▶ _YOUR OBJECTIVE_: What you return should be the full listing, word for word, without a single image.

▶ _STORED DATA_:
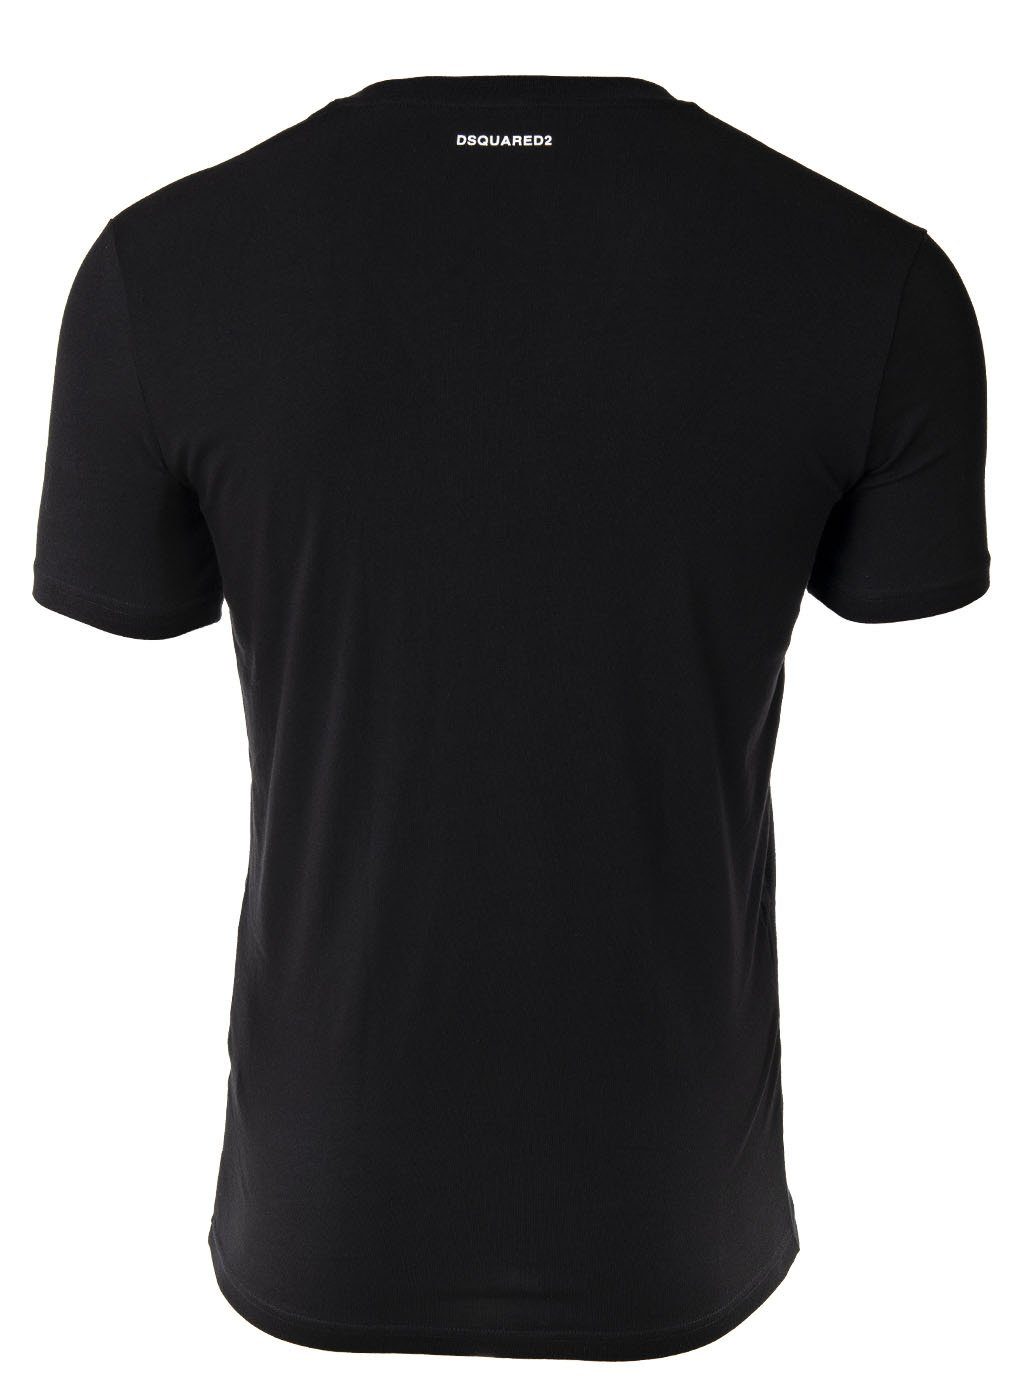 T-Shirt - Twin Schwarz Stretch Cotton Dsquared2 Herren T-Shirt Pack V-Neck,
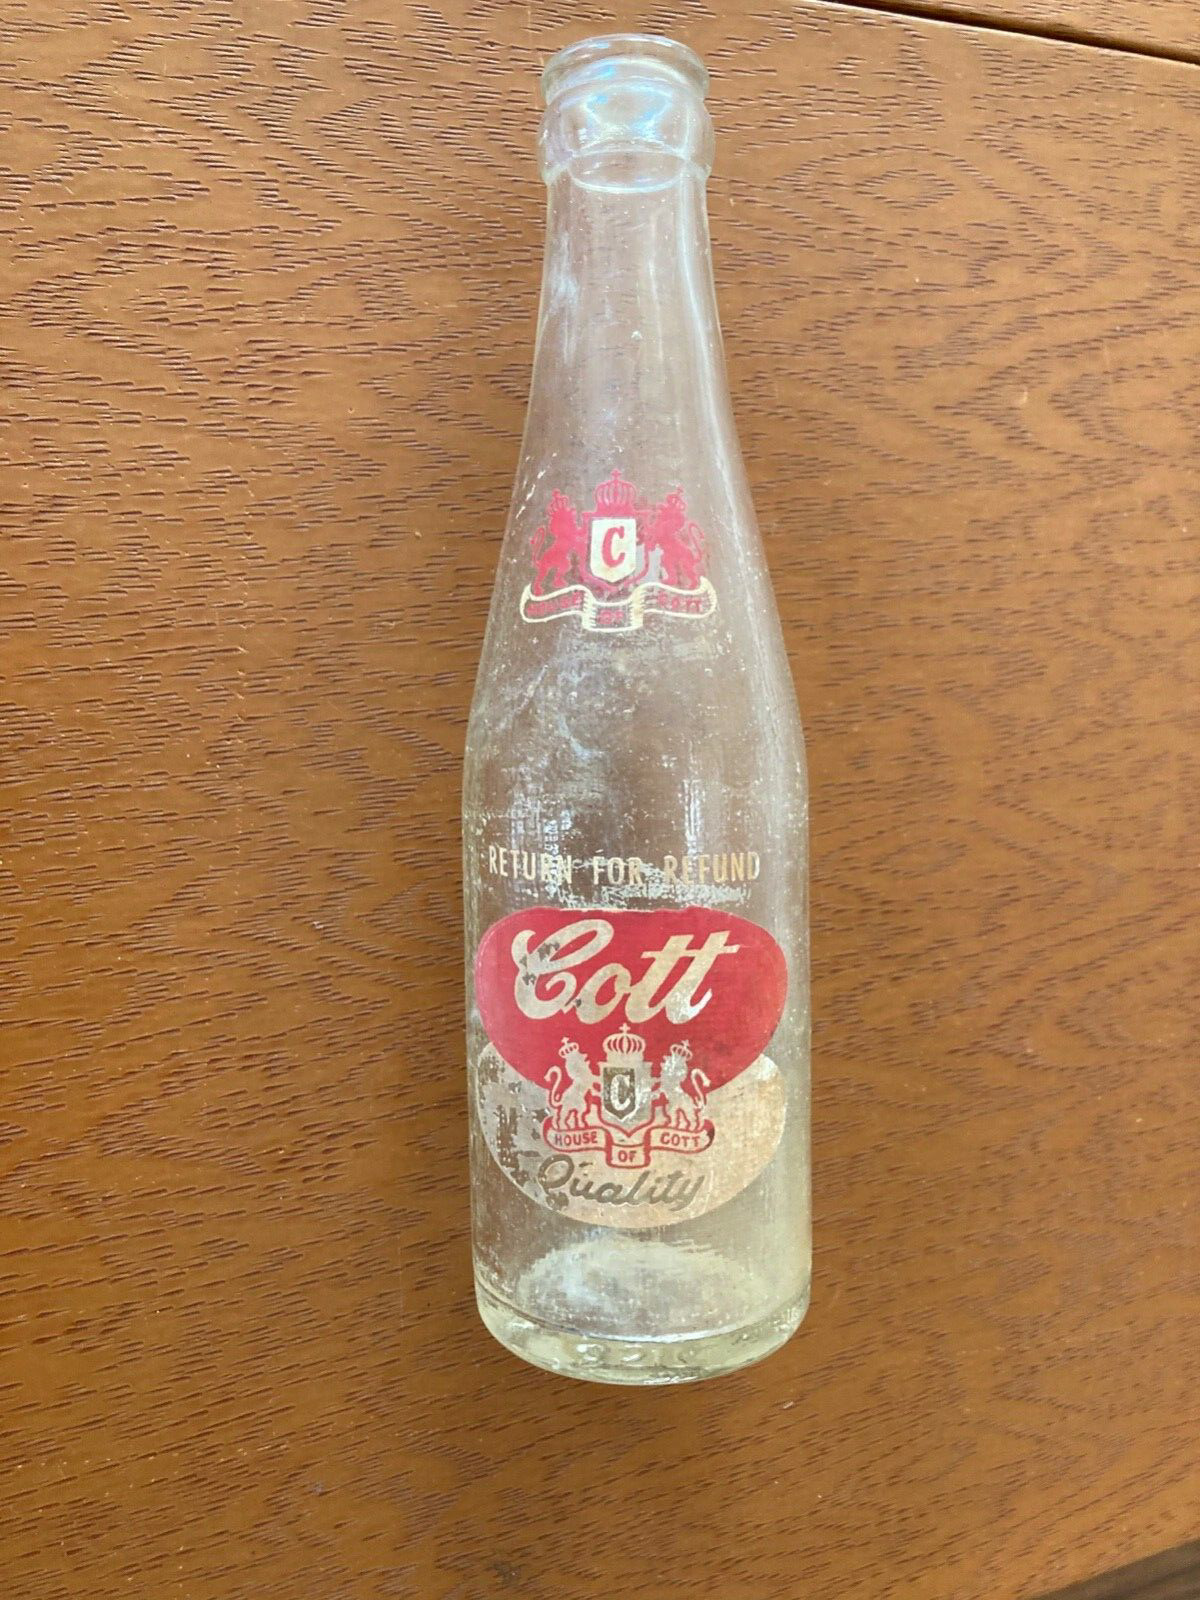 Vintage Cott Soda Bottle  Manchester, New Hampshire 50's/60's?
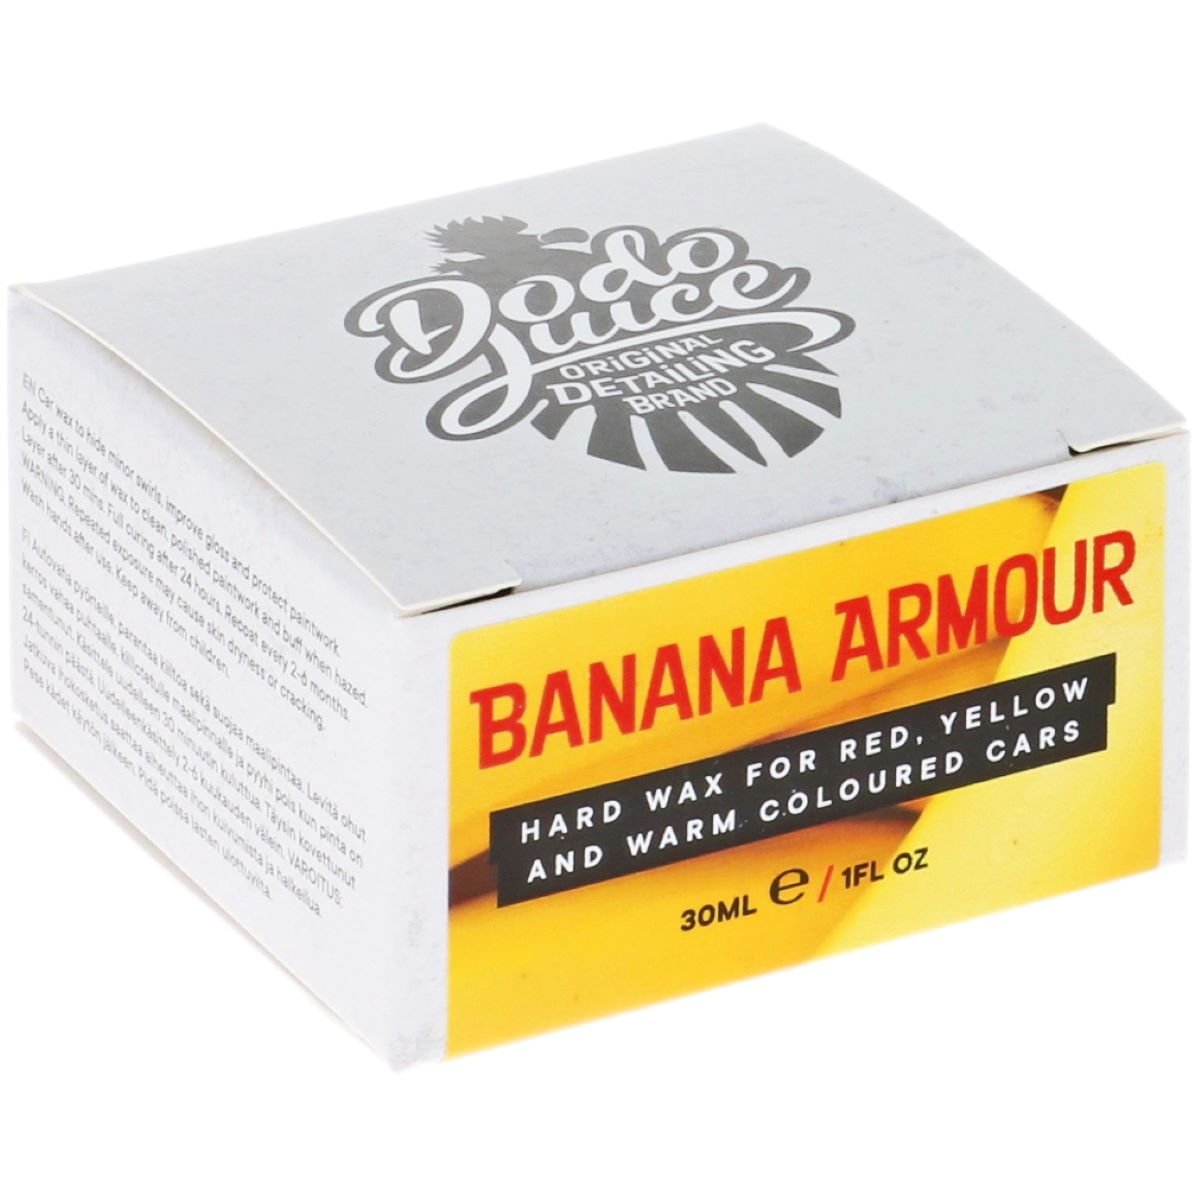 Banana Armour hard wax for warm coloured cars - 30ml
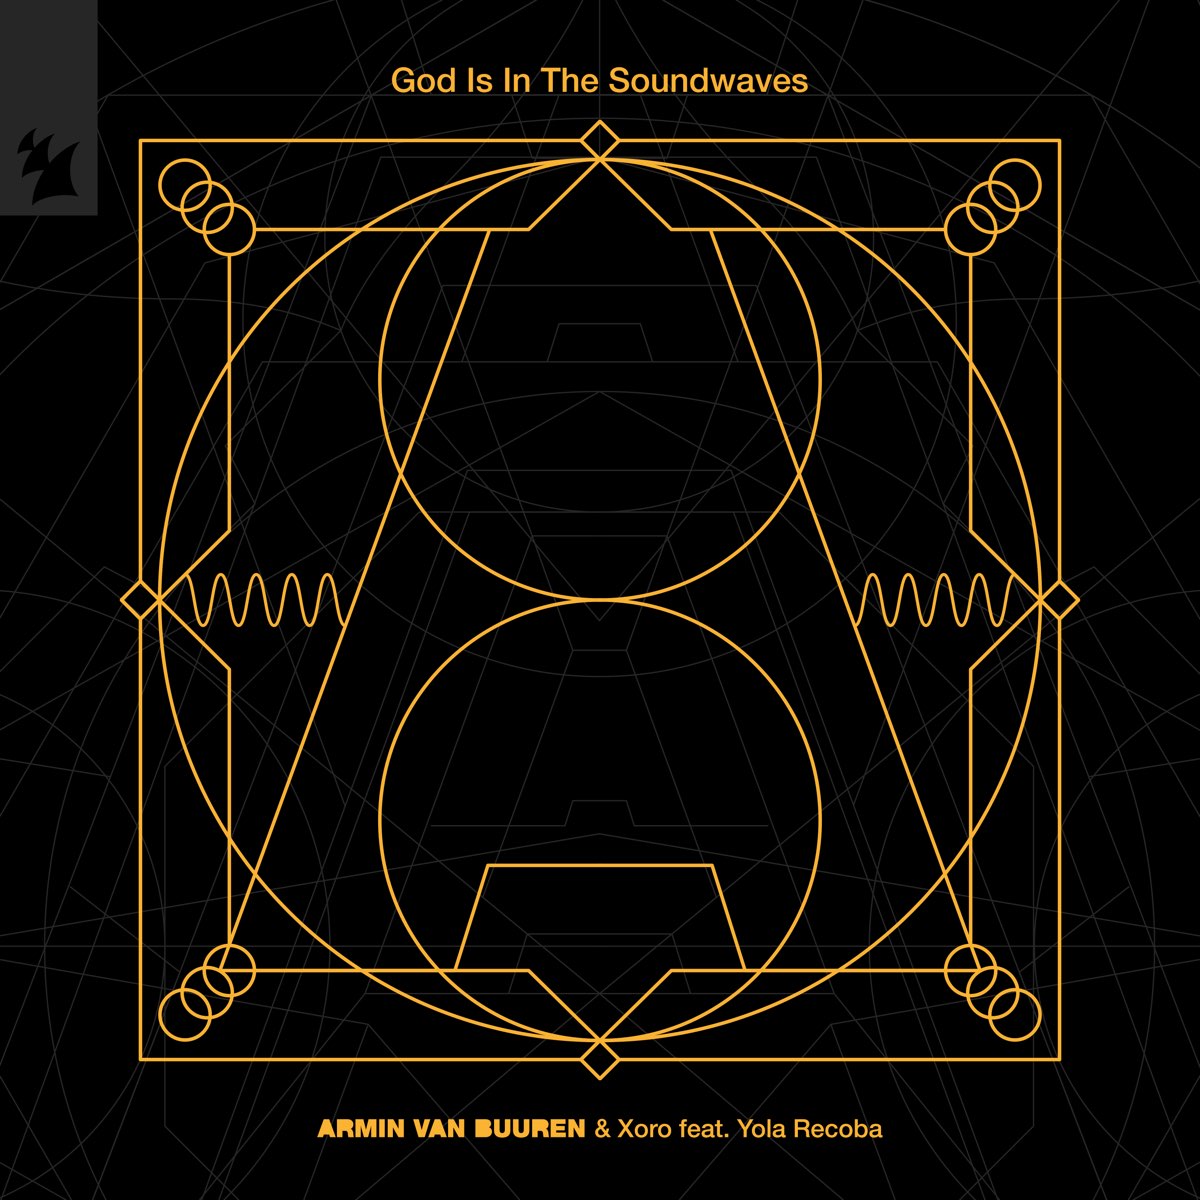 Armin van Buuren & Xoro featuring Yola Recoba — God Is In The Soundwaves cover artwork

▶ _OUTPUT FOR THIS EXERCISE_:
 T-Shirt - Twin Schwarz Stretch Cotton Dsquared2 Herren T-Shirt Pack V-Neck,
 Vintage Cott Soda Bottle  Manchester, New Hampshire 50's/60's?
 Banana Armour hard wax for warm coloured cars - 30ml
 Armin van Buuren & Xoro featuring Yola Recoba — God Is In The Soundwaves cover artwork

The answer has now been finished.